In order to increase storage density in flash memory, flash memory has developed from single-level (SLC) cell flash memory to multi-level cell (MLC) flash memory so that two or more bits can be stored by each memory cell. A MLC flash memory device is used to store multiple bits by using voltage ranges within the total voltage range of the memory cell to represent different bit-tuples. A MLC flash memory device is typically more error-prone than a SLC flash memory device created using the same manufacturing process because the effective voltage difference between the voltages used to store different data values is smaller for a MLC flash memory device. Moreover, due to any number of a combination of factors, such as electrical fluctuations, defects in the storage medium, operating conditions, device history, and/or write-read circuitry, a typical error includes a stored voltage level in a particular MLC being in a voltage range that is adjacent to the voltage range that would otherwise be representative of the correct storage of a particular bit-tuple. The impact of such errors can be reduced by gray-coding the data, such that adjacent voltage ranges represent single-bit changes between bit-tuples.

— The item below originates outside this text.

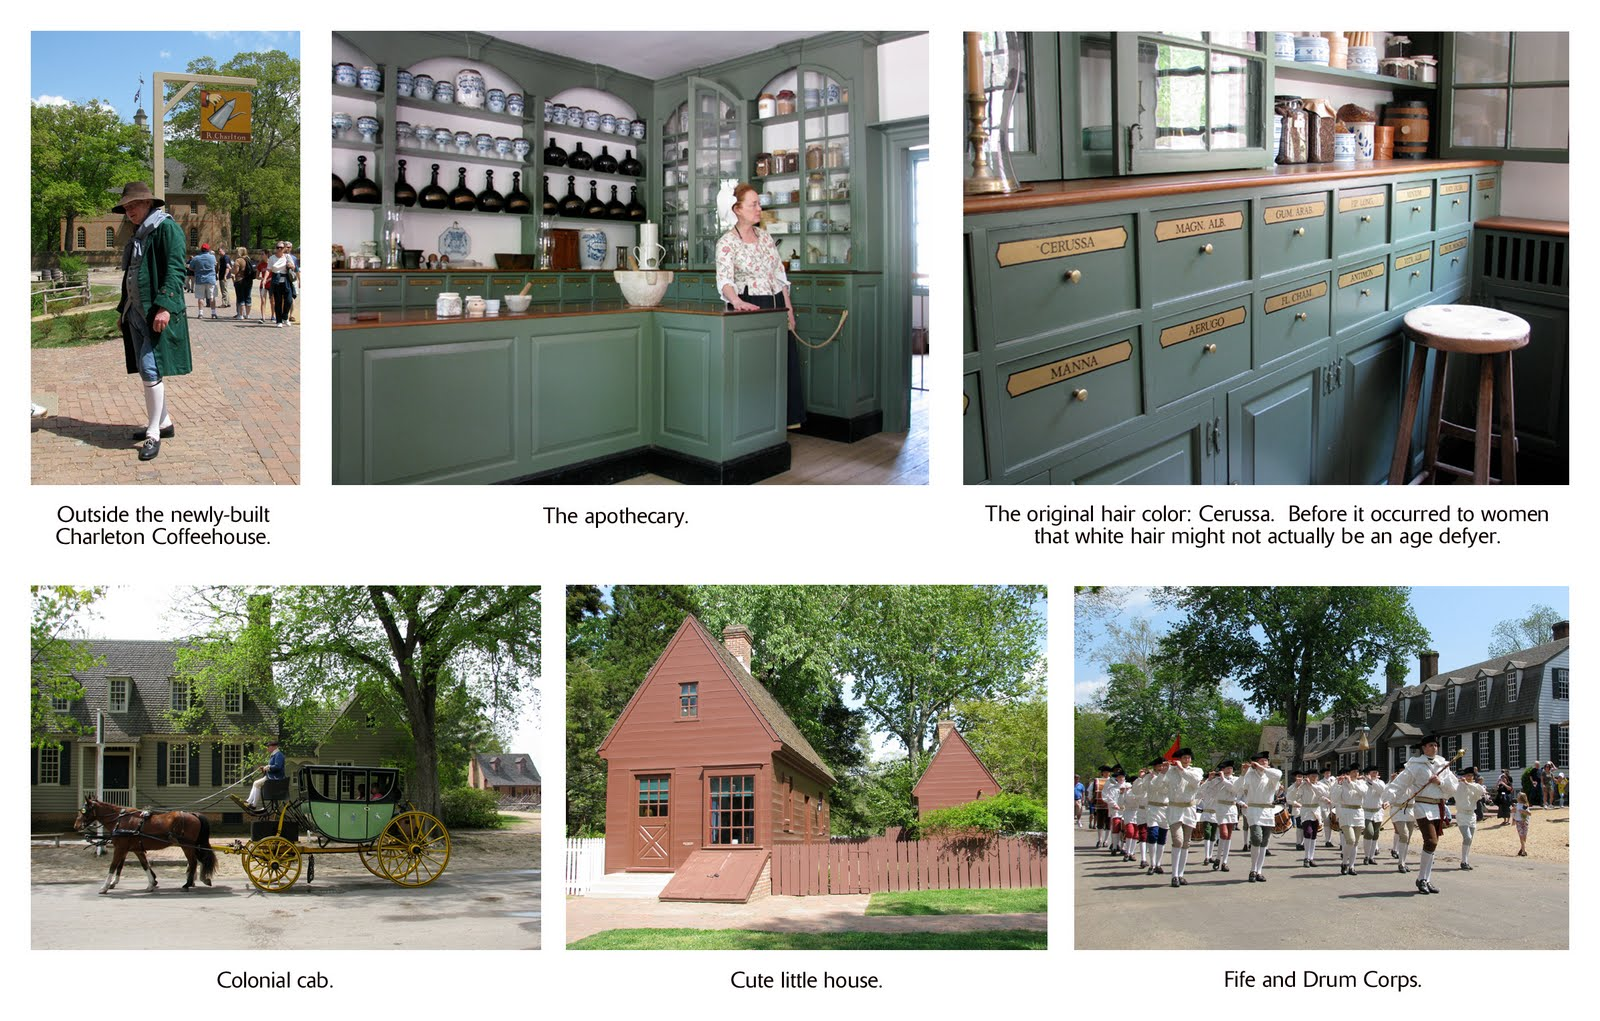 The Village Carpenter: Scenes from Colonial Williamsburg

FIGS. 4A-4B illustrate a flowchart representation of a method 400 for data processing, in accordance with some embodiments. As noted above with respect to FIG. 1, when a host (e.g., computer system 110, FIG. 1, sometimes called a host) adds an element to a Bloom filter (e.g., Bloom filter array(s) 131), only a single host command is needed for each element. To add a plurality of elements to the Bloom filter, the host sends a plurality of requests with respective elements to be added, which initiates performance of method 400.

At least in some implementations, method 400 is performed by a non-volatile data storage system (e.g., data storage system 100, FIG. 1) or one or more components of the non-volatile data storage system (e.g., memory controller 120 and/or storage medium 130, FIG. 1). In some embodiments, method 400 is governed by instructions that are stored in a non-transitory computer readable storage medium and that are executed by one or more processors of a device, such as the one or more processing units (CPUs) 122 of management module 121, shown in FIGS. 1 and 2.

A non-volatile data storage system receives (402) from a host (e.g., computer system 110, FIG. 1) a plurality of requests that specify respective elements. In some implementations, the plurality of requests are requests to add respective elements to a Bloom filter (e.g., Bloom filter array(s) 131). As noted above, in some implementations, only a single host command (e.g., “Add Element”) is needed to add a respective element to the Bloom filter. As an example, if three elements are to be added to the Bloom filter, the host would send three requests, the first request specifying the first element to be added to the Bloom filter, the second request specifying the second element to be added to the Bloom filter, and the third request specifying the third element to be added to the Bloom filter.

In some embodiments, the non-volatile data storage system is (404) distinct from the host. For example, in some implementations, one or more components of the non-volatile data storage system (e.g., memory controller 120 and storage medium 130 of data storage system 100, FIG. 1) are distinct from and coupled to a host (e.g., computer system 110) by one or more connections (e.g., connections 101 and control line 111, FIG. 1).

In some embodiments, the non-volatile data storage system is (406) embedded in the host. In some implementations, one or more components of the non-volatile data storage system (e.g., memory controller 120 and storage medium 130 of data storage system 100, FIG. 1) are included in a device as components thereof. Furthermore, in some implementations, one or more components of the non-volatile data storage system (e.g., memory controller 120 and storage medium 130 of data storage system 100, FIG. 1) are embedded in a host device, such as a mobile device, tablet, other computer or computer controlled device, and the methods described herein are performed by the embedded data storage system.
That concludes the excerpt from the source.